[Opening Working data section]

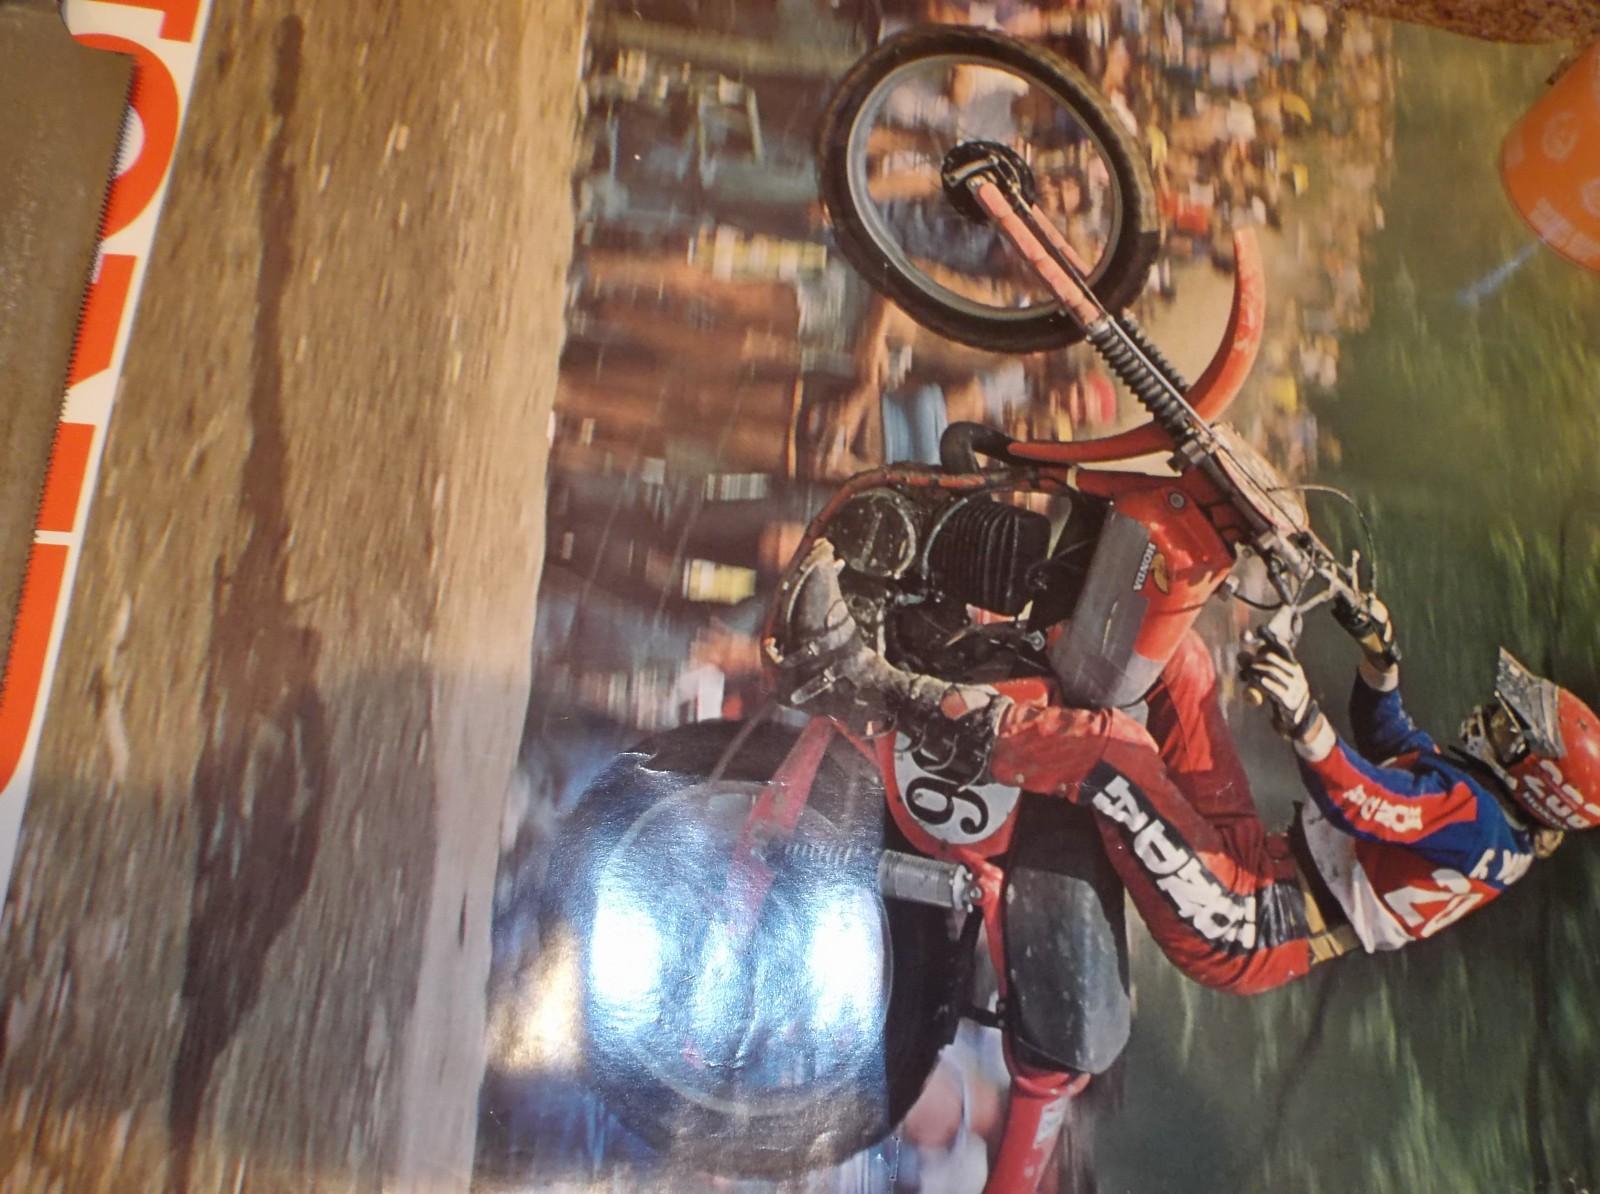 DSCF1647 - Reds - Motocross Pictures - Vital MX
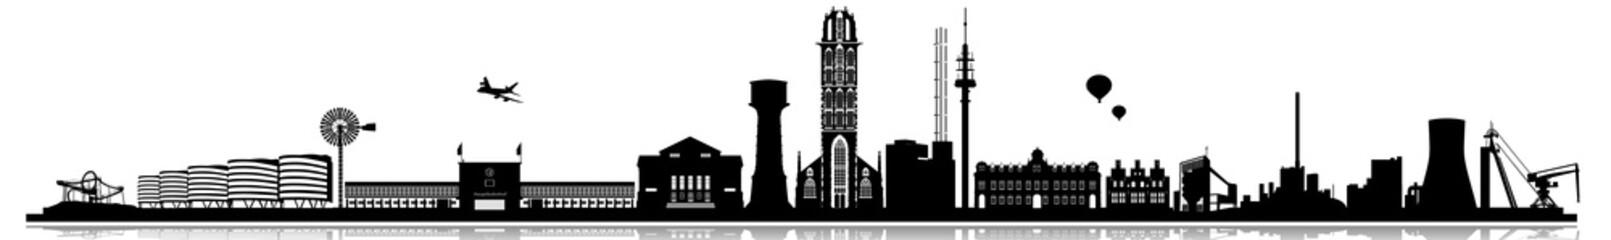 Duisburg skyline
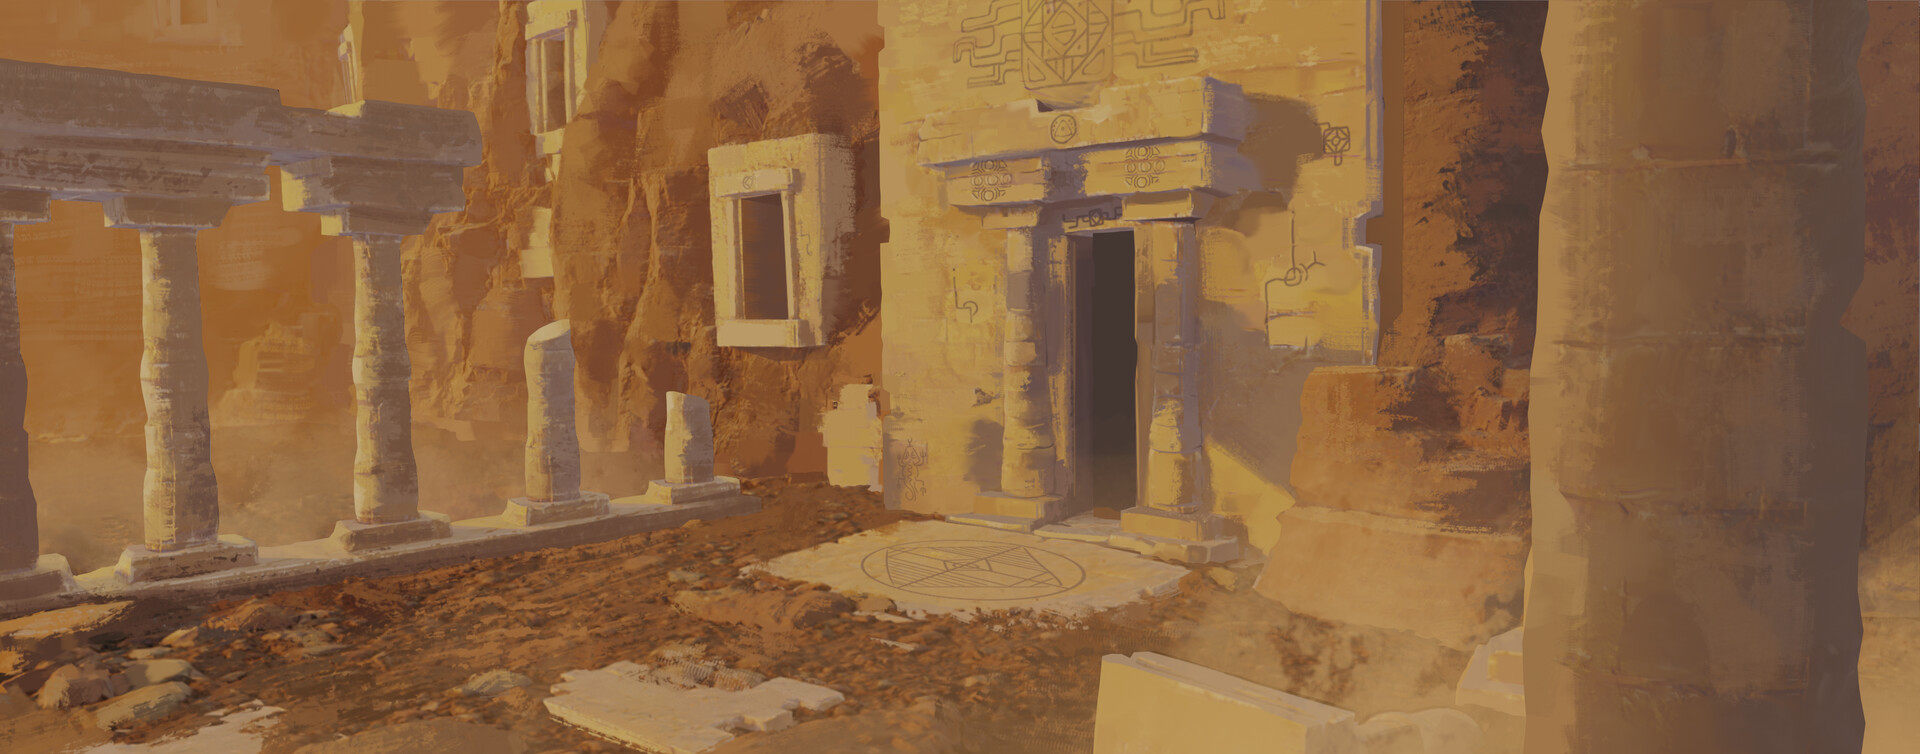 [Image: lewis-monson-dessert-temple.jpg?1622696340]
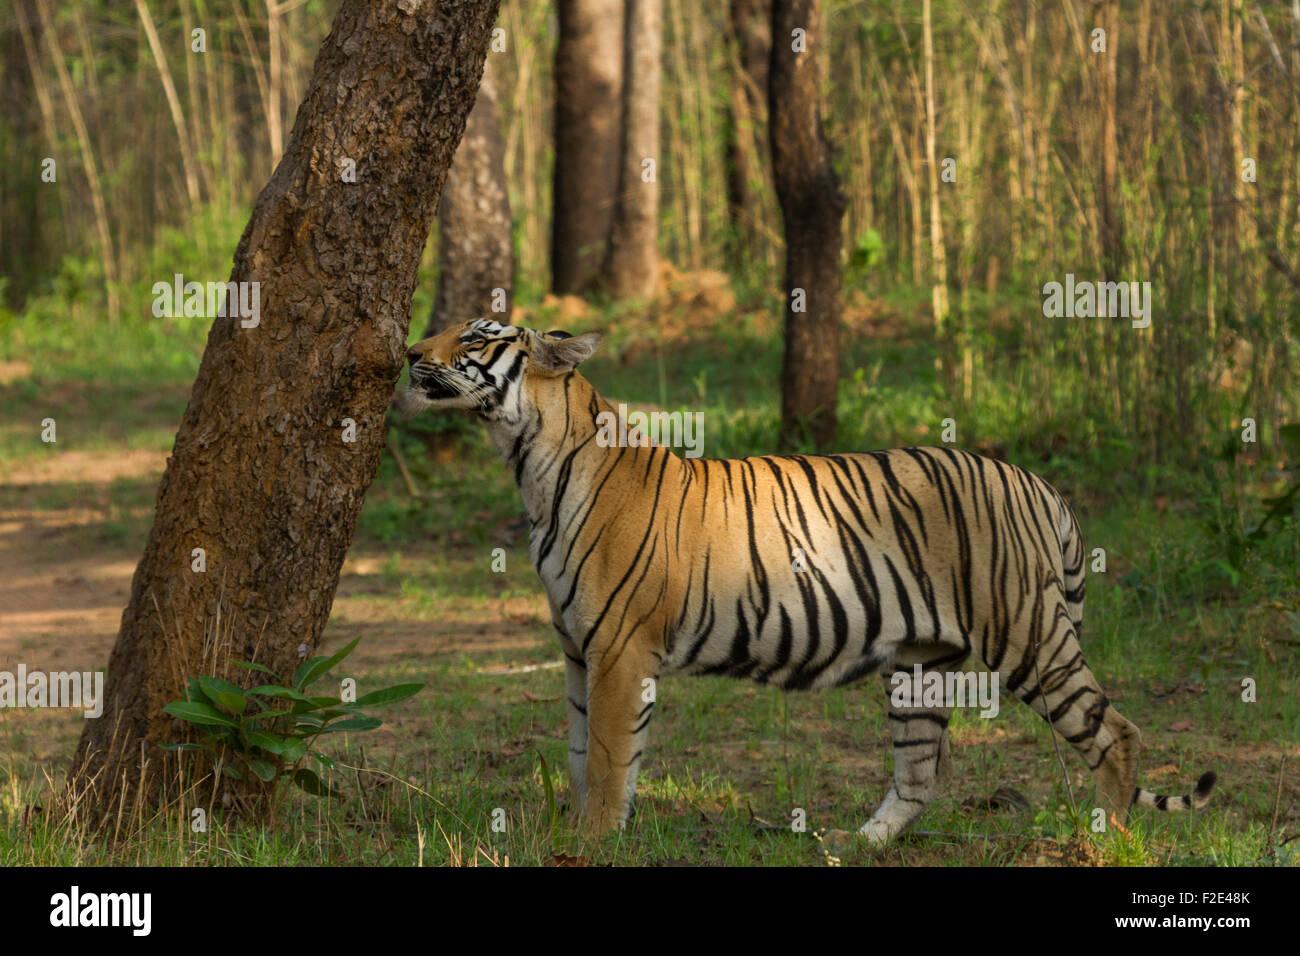 Royal Bengal Tiger or Panthera Tigris doing Scent marking at Tadoba National Park, Maharashtra, India - Stock Image
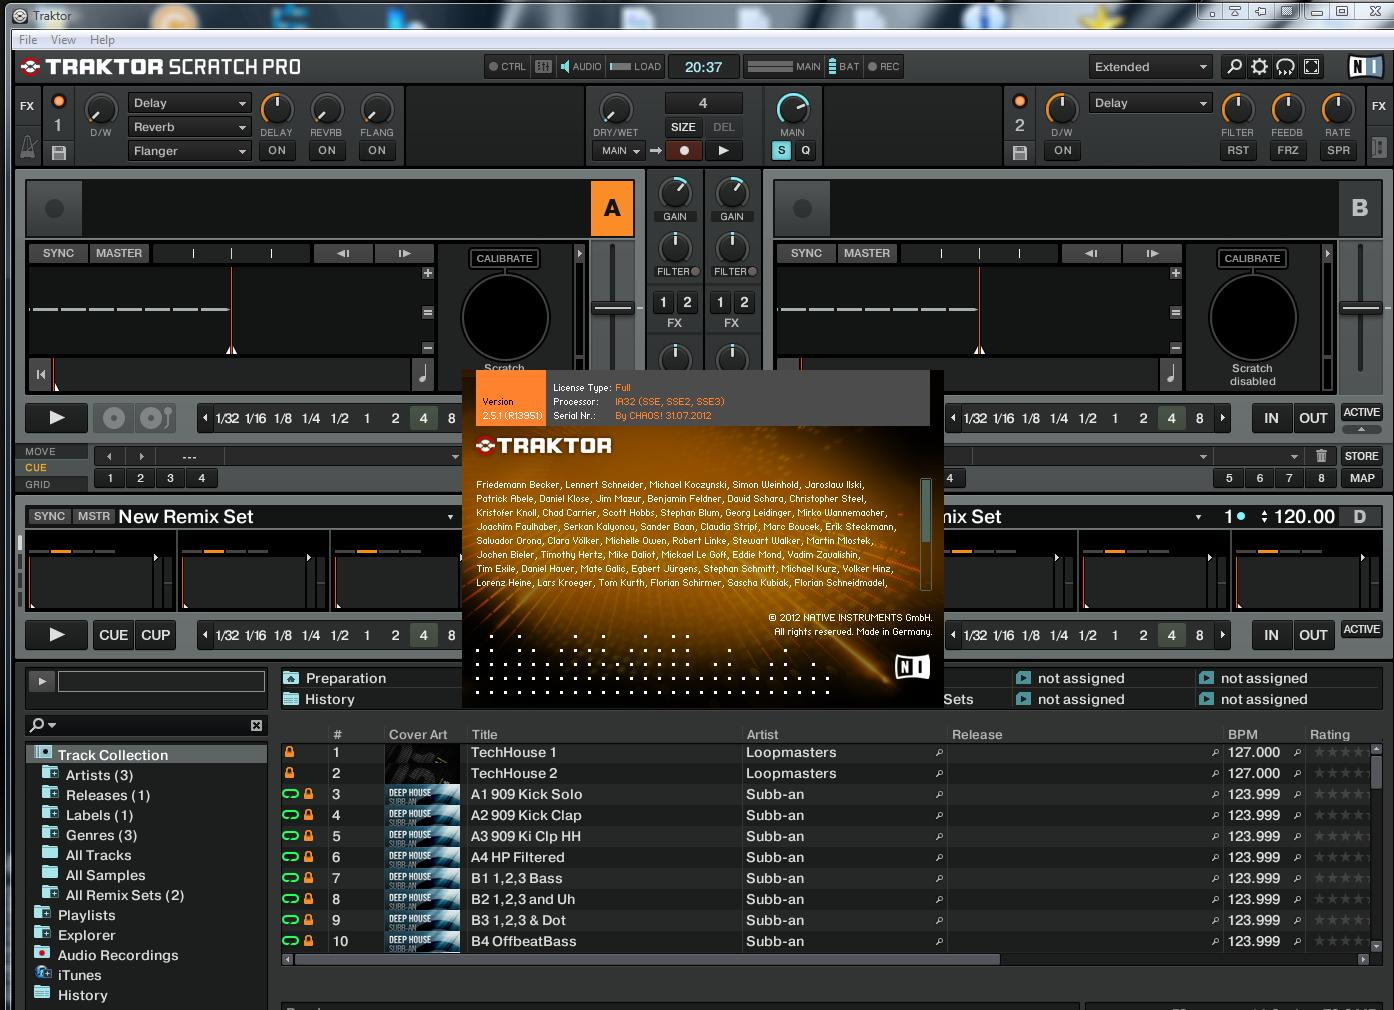 download traktor scratch pro 2 (mac os x) full version

[Closing Working data section]

▶ Exercise requirements: Verbatim output of the entries is required, with each image left out.

▶ Output of the exercise:
 DSCF1647 - Reds - Motocross Pictures - Vital MX
 Duisburg skyline
 [Image: lewis-monson-dessert-temple.jpg?1622696340]
 Royal Bengal Tiger or Panthera Tigris doing Scent marking at Tadoba National Park, Maharashtra, India - Stock Image
 download traktor scratch pro 2 (mac os x) full version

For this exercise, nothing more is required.